In which eyes of mine animated, alert, awake, amazed
follow Stars across Solstice Skies of turquoise Twilight.
Mark Spicer
Thank you Mark for this wonderful poem about the morning chasing the moon and straight into the night…I have taken your poem from the comments below where you put it and I put it here.. Its so like the moon which dips and hides some nights just as the sun does not rise or fall to order……..thanks Mark .Thanks also Mark for words I picked up along the way: *(Meet me by the pole where a cheeky angel spreads her wings against the Azure blue!) and then I heard the song ( laundry) and I put the washing line in up there.
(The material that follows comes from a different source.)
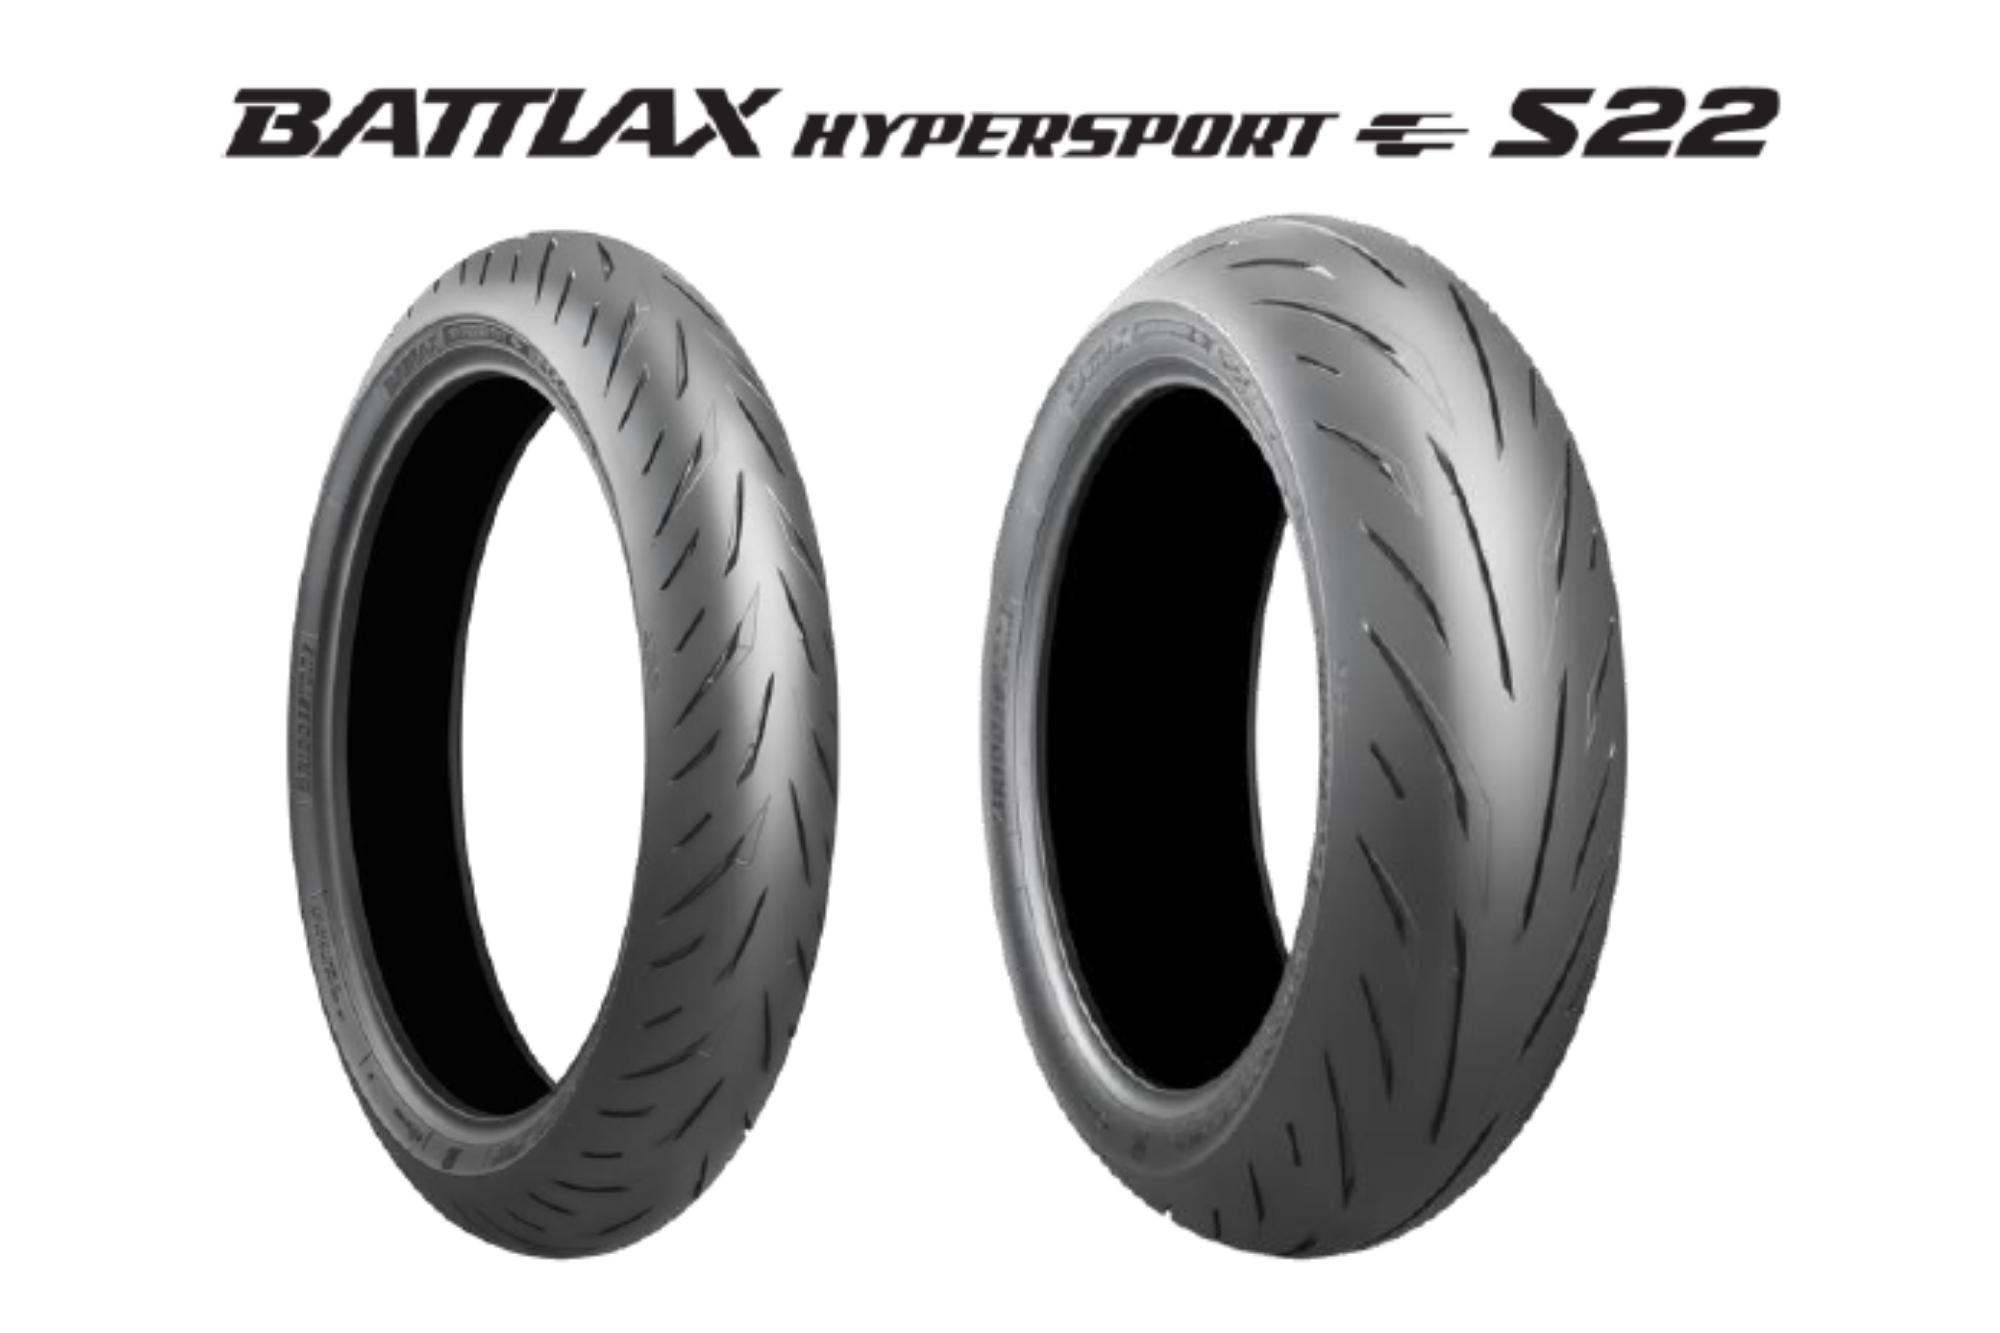 2022 Suzuki Hayabusa Tires

Below: LINKS TO EVERY OTHER POEM I managed to write during National Poetry Writing Month 2014 mostly short and often just titles to pictures. They are gathered below as links Hovering and pressing a link should reveal a title and take you to the original
poem for days 1,2,3,4
Day 10 Day 11 Day 12 Day 13 Day 14
Day 15 Day 16 Day 17 Day 18 Day 19
Day 20 Day 21 Day 22 Day 23 Day 24
Day 25 Day 26 Day 27 Day 28 Day 29 Day 30
Excellent Gill, it reads almost like a stream of consciousness, like you just wrote it down quickly as if you were reliving it. I felt a sense of urgency in it at the beginning in the sense of needing to get to the good spot to be able to see the sunrise. It is something I have done many times myself, once, about two years ago I saw the sky and knew that it would be a spectacular sunrise, so I went outside with my camera and a cup of coffee, I only intended to go to the end of the street for a better view and then 3 hours later after forest, deer, the duck pond and squirrels I finally made it back home with my empty coffee cup and over 300 pics.
Also in your poem I love this line “Past the locked gate, and bad tempered brambles”, especially the locked gate bit, I love the simplicity in it and the fact that it very much contrasts with the spectacular sunrise.
You’ve actually given me an idea now also, because I wrote a sort of similar poem to yours but I would never publish it as a normal post, but putting it on a separate page as you have done does seem like a possibility, and even to have the page as a “stream of consciousness” page which can be added to. I’ll need to type it out first, which considering the fact that it is by far the longest poem I have ever written, will be no easy task.
Now also because of your poem and that line “Past the locked gate, and bad tempered brambles”, I am singing a certain song in my head, Squeeze “Tempted” because it has a line “Past the church and the steeple, the laundry on the hill.” So now I’m off to listen to it…
Thank you for letting me tag along with you on your morning jaunt, it was most agreeable and rather wonderful.